La simple consultation d’un site Internet, fût-il terroriste, ne doit pas conduire en prison, a estimé, vendredi 10 février, le Conseil constitutionnel. Saisi par un Français poursuivi pour avoir consulté des contenus djihadistes, notamment des chants, sur l’application Telegram, ce dernier a jugé que le code pénal, qui prévoit depuis le mois de juin de punir de deux ans de prison et de 30 000 euros d’amende le fait de « consulter habituellement » des sites Internet faisant l’apologie du terrorisme ou incitant à commettre de tels actes était contraire à la Constitution.

Le Conseil a d’abord rappelé, en préambule, que « la libre communication des pensées et des opinions » garantie par la Déclaration des droits de l’homme de 1789 « implique la liberté d’accéder » à Internet. Il a ensuite expliqué que toute disposition rognant sur cette liberté se devait d’être « nécessaire, adaptée et proportionnée ».

Nécessaire, la loi contestée ne l’est nullement, a noté le Conseil, égrenant les nombreuses dispositions constituant l’arsenal répressif, judiciaire comme administratif, dont s’est dotée la France, ces dernières années, pour lutter contre le terrorisme. Les gardiens de la Constitution notent que les pouvoirs des enquêteurs et des magistrats en matière d’enquêtes antiterroristes sont nombreux et ont été accrus ces dernières années ; les capacités de surveillance des services de renseignement ont connu la même évolution, et des capacités administratives de blocage et de déréférencement des sites Internet ont été octroyées aux forces de l’ordre. Bref, résume le juge constitutionnel, les pouvoirs publics peuvent déjà « contrôler » les sites, « surveiller » leurs visiteurs et les « sanctionner » lorsqu’ils risquent de passer à l’action, et ce « avant même que ce projet soit entré dans sa phase d’exécution ».

Le Conseil constitutionnel a aussi estimé que l’atteinte à la liberté de communication portée par ce délit n’est ni adaptée, ni proportionnée, puisqu’il « n’impose pas que [son] auteur ait la volonté de commettre des actes terroristes », pas plus qu’il adhère « à l’idéologie exprimée » sur ces sites. Autrement dit, et comme l’avait noté l’avocat François Sureau lors de son intervention devant le Conseil pour la Ligue des droits de l’homme, la loi contestée punit la « simple démarche intellectuelle ».

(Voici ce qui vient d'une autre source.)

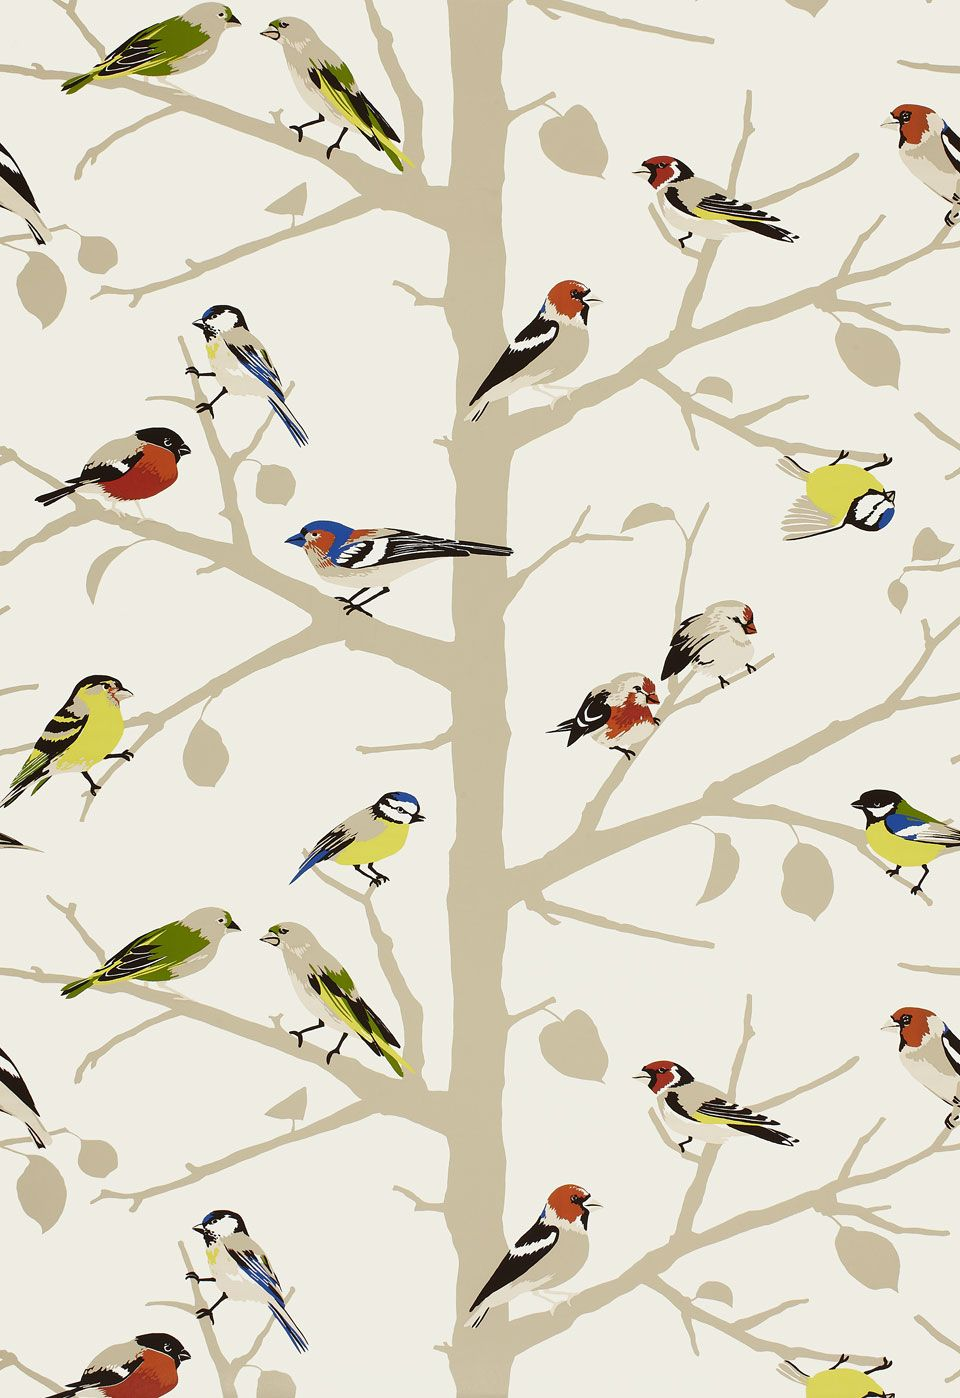 sarah s house powder room bird wallpaper source for the birds

La loi prévoyait une exception lorsque la consultation habituelle était réalisée « de bonne foi ». Le Conseil a semble-t-il entendu les arguments de M. Sureau, qui a estimé lors de l’audience que la loi attaquée empêchait « le citoyen d’une démocratie de se former une opinion justifiée sur l’une des menaces les plus graves qui pèsent sur notre société, sur sa nature et sur ses formes », jetant « un pan entier de la liberté de penser […] dans l’ombre policière et répressive ». Les conseillers ont en effet balayé cette exception, jugeant qu’elle faisait « peser une incertitude sur […] l’usage d’Internet pour rechercher des informations ».

Fin d’un serpent de mer

Cette décision du Conseil constitutionnel intervient dans un contexte particulier : la France a adopté une loi à visée antiterroriste par an depuis 2012, sans compter les dispositions relatives à l’État d’urgence. Cet édifice sécuritaire est régulièrement critiqué pour le recul qu’il fait subir aux libertés, faisant dire à M. Sureau que « la tristesse de ce temps » tenait « à l’évidente fragilité des grands principes dans notre conscience même. […] Les gouvernements ont cédé. Les parlements ont cédé. Personne je crois n’aurait pu, dans notre jeunesse nourrie des grands exemples et des drames du passé, imaginer qu’ils céderaient aussi facilement, par lâcheté, par inconséquence ou par calcul ». Par cette décision, le Conseil constitutionnel enfonce un deuxième coin dans cet édifice, après sa décision du mois d’octobre concernant la surveillance hertzienne.

Le juge constitutionnel, dont la décision signe la fin de toutes les procédures pour consultation habituelle de sites terroristes à l’exception des affaires définitivement jugées, coupe aussi définitivement la tête d’un serpent de mer qui venait régulièrement hanter les débats parlementaires sur l’antiterrorisme. D’abord proposé en 2012 sous le quinquennat de Nicolas Sarkozy, après les attentats de Toulouse et Montauban, le délit de consultation habituelle de sites terroristes avait été vertement critiqué par le Conseil d’Etat, mais défendu par la droite, et finalement voté par les députés de gauche. Contre l’avis du gouvernement, il avait finalement pris place dans la loi sur la réforme pénale, promulguée en juin.